# looking for a board



## sedition (Feb 8, 2007)

ripplygoose said:


> im new to boarding so i was looking to get one and i think this is what i settled on. but first im 5'8 and 155lbs.
> 
> Burton Elite 158 cm
> Burton Custom binding
> ...


A few comments:

(1) You don't have to defend what your buying, to anyone. If it works for you, then that is all you need to be concerned about. Some people hate on Burton, but I have really yet to see a *substantive* reason why there is any real justifcation for it. Don't buy the hype that Burton is the best. Don't buy the hype that Burton is the worst. Just buy what you want to. 

(2) What size boots do you have? You could also drop down to a 155 Elite. 

(3) Aside from graphics, last year's Elite is the same as this years. if you can find an 07, you might be able to score a deal.

(4) I have an Elite as my all-mountain deck. It's a great board. It can hold it's own on double-blacks, the pipe, the park, or groomers. Granted, it won't be as good for speed-runs as freeride deck, or as good for jibbing as a pure freestyle deck, but it will be sufficent where ever you want to take it.


----------



## Guest (Jan 24, 2008)

i wanted an all around deck that would be good for both styles, but the only question i had is how does the leather top hold? and also is a 158 too big?


----------



## sedition (Feb 8, 2007)

ripplygoose said:


> i wanted an all around deck that would be good for both styles, but the only question i had is how does the leather top hold? and also is a 158 too big?

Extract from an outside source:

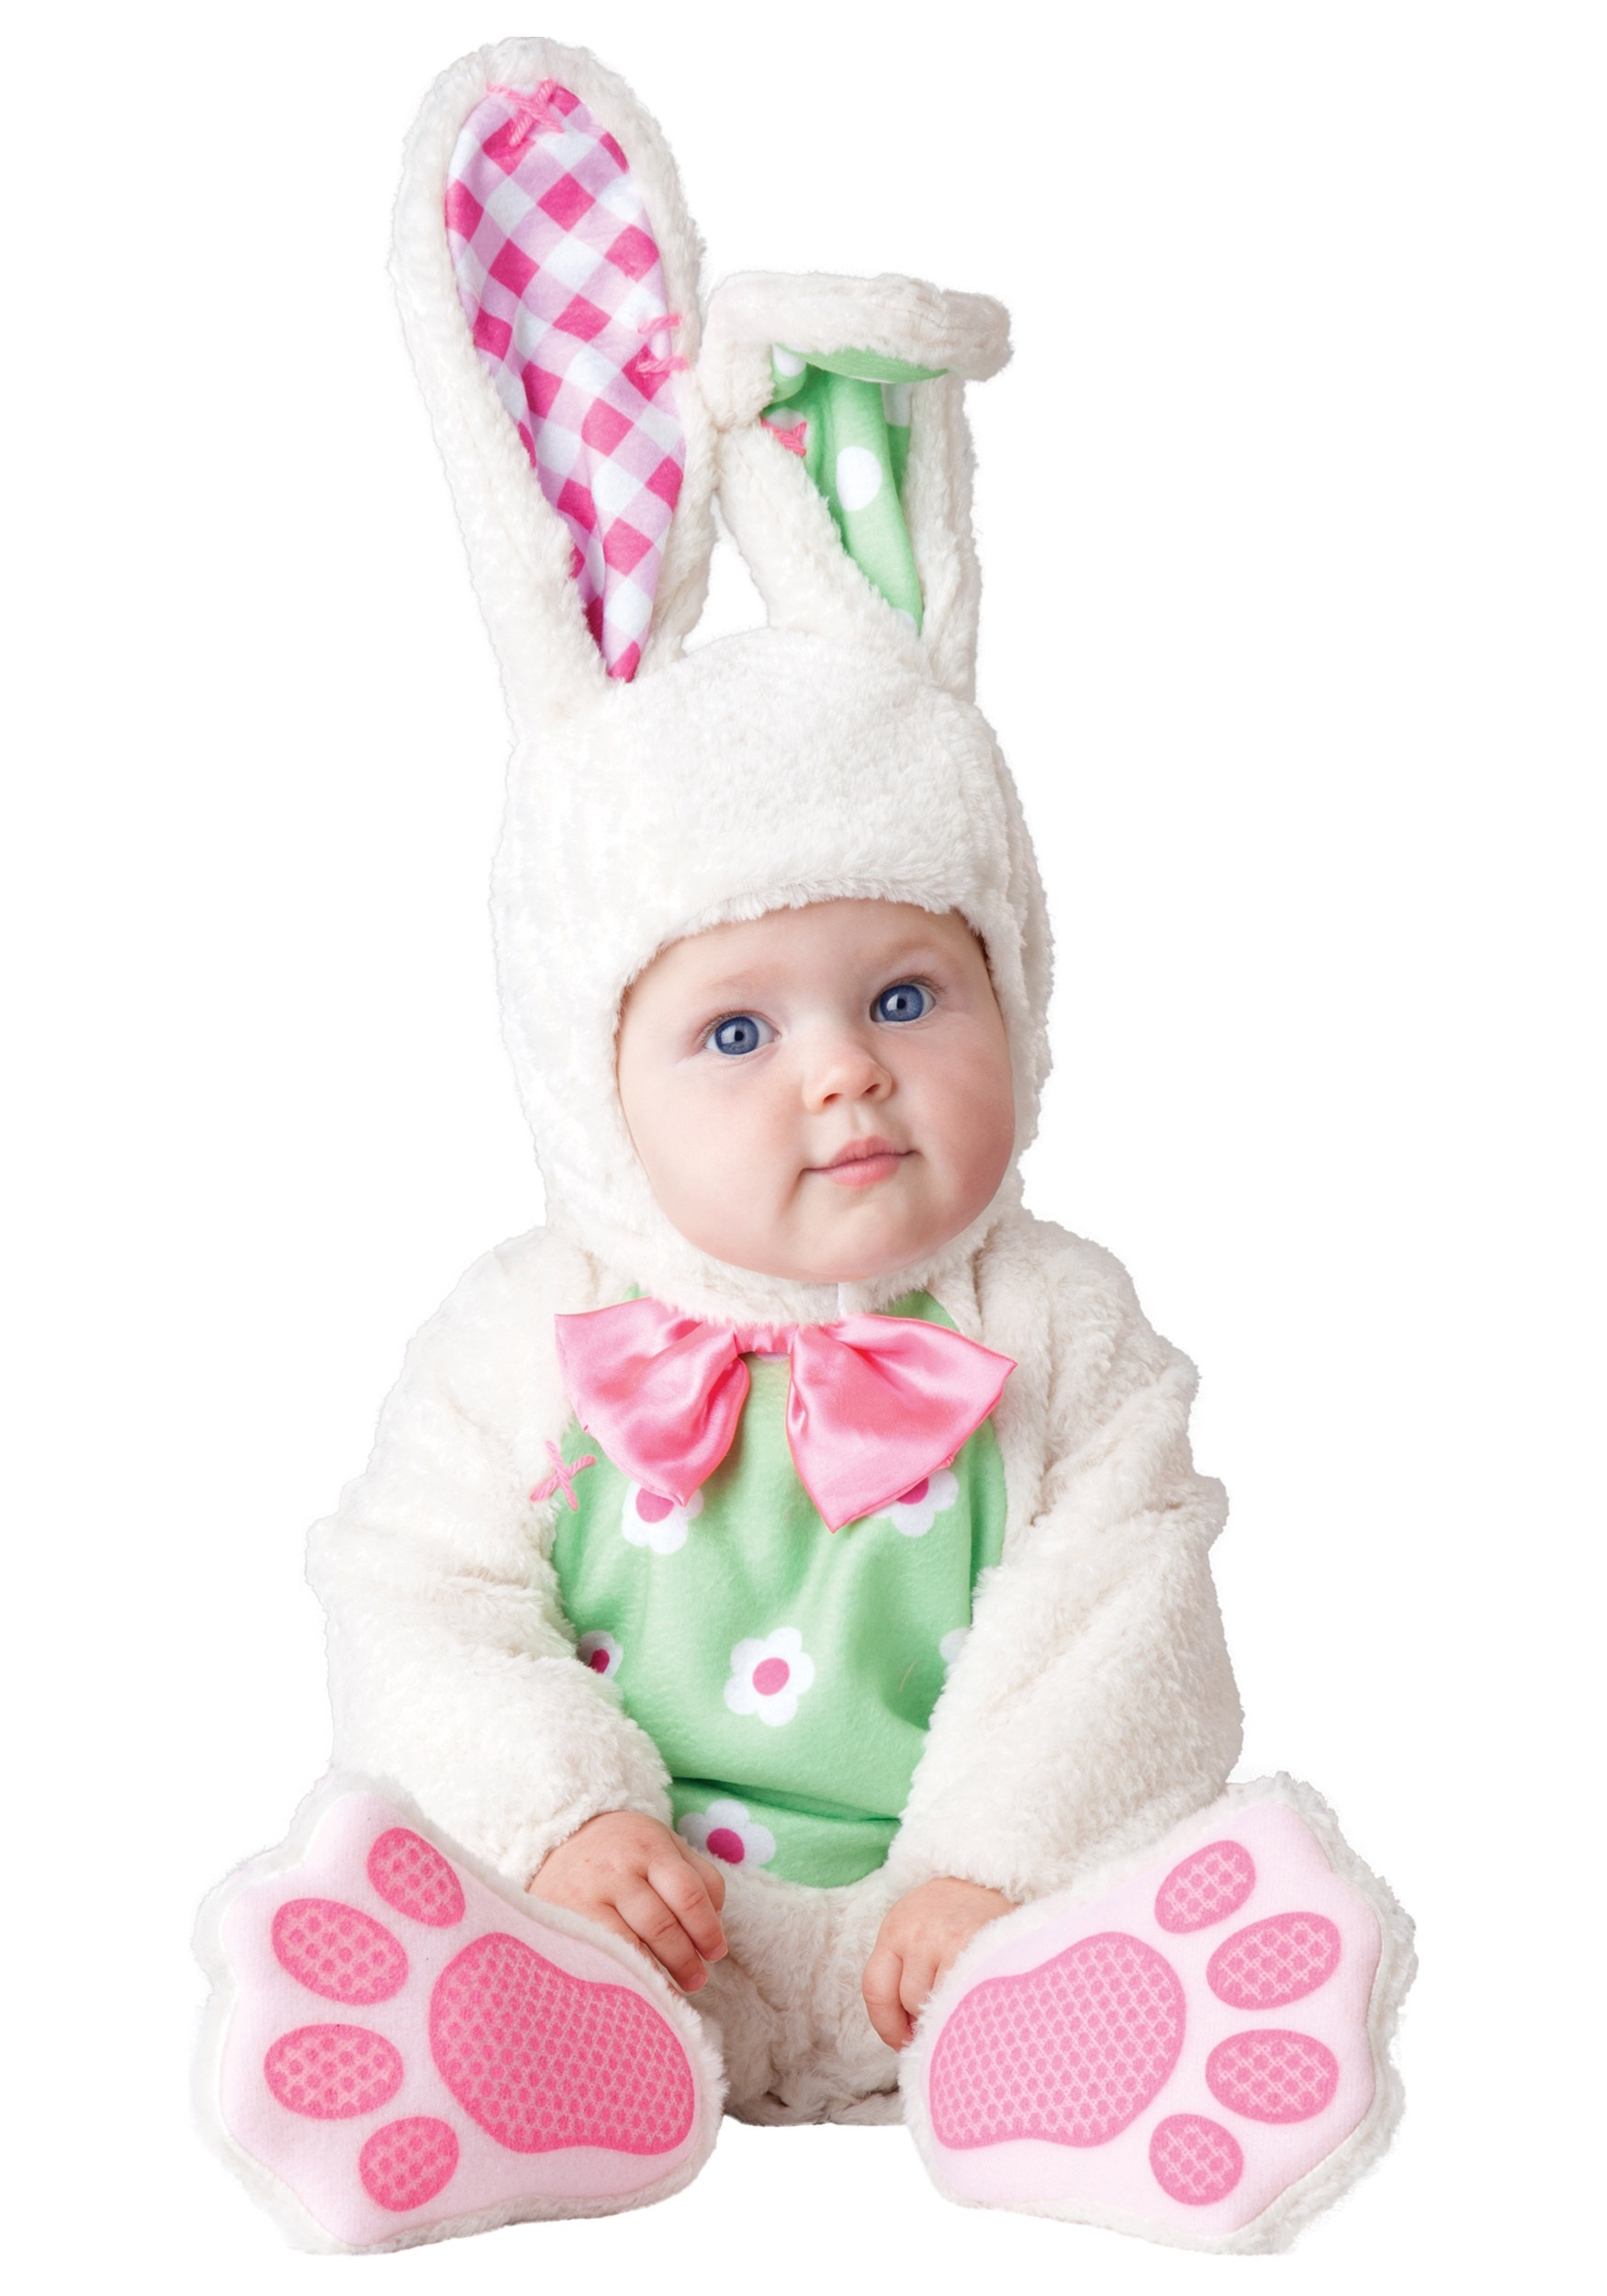 Infant Bunny Costume  sc 1 st  Halloween Costumes & Infant Bunny Costume - Halloween Costumes

Top has been fine for me so far. I got it last year, and ride 2-3 times a week. So far so good. 

As for size, if your going to be doing some freestyle stuff, drop to the 155. If your going to do be doing more speed-runs, get the 158.


----------



## KIRKWOOD-$LUT (Dec 16, 2006)

how old are u also?


----------



## Guest (Jan 24, 2008)

sorry im 19 and i also forgot to mention that my boot size is 11


----------



## KIRKWOOD-$LUT (Dec 16, 2006)

well you will gain some weight

i would look for a 58


----------



## Grimdog (Oct 13, 2007)

Another good thing aboiut buying the same brand for boards, boots, and bindings is that they tend to be designed to work really well together.


----------



## sedition (Feb 8, 2007)

ripplygoose said:


> sorry im 19 and i also forgot to mention that my boot size is 11


11 might knock you out of the 155. Check the Burton site for board specs on that.


----------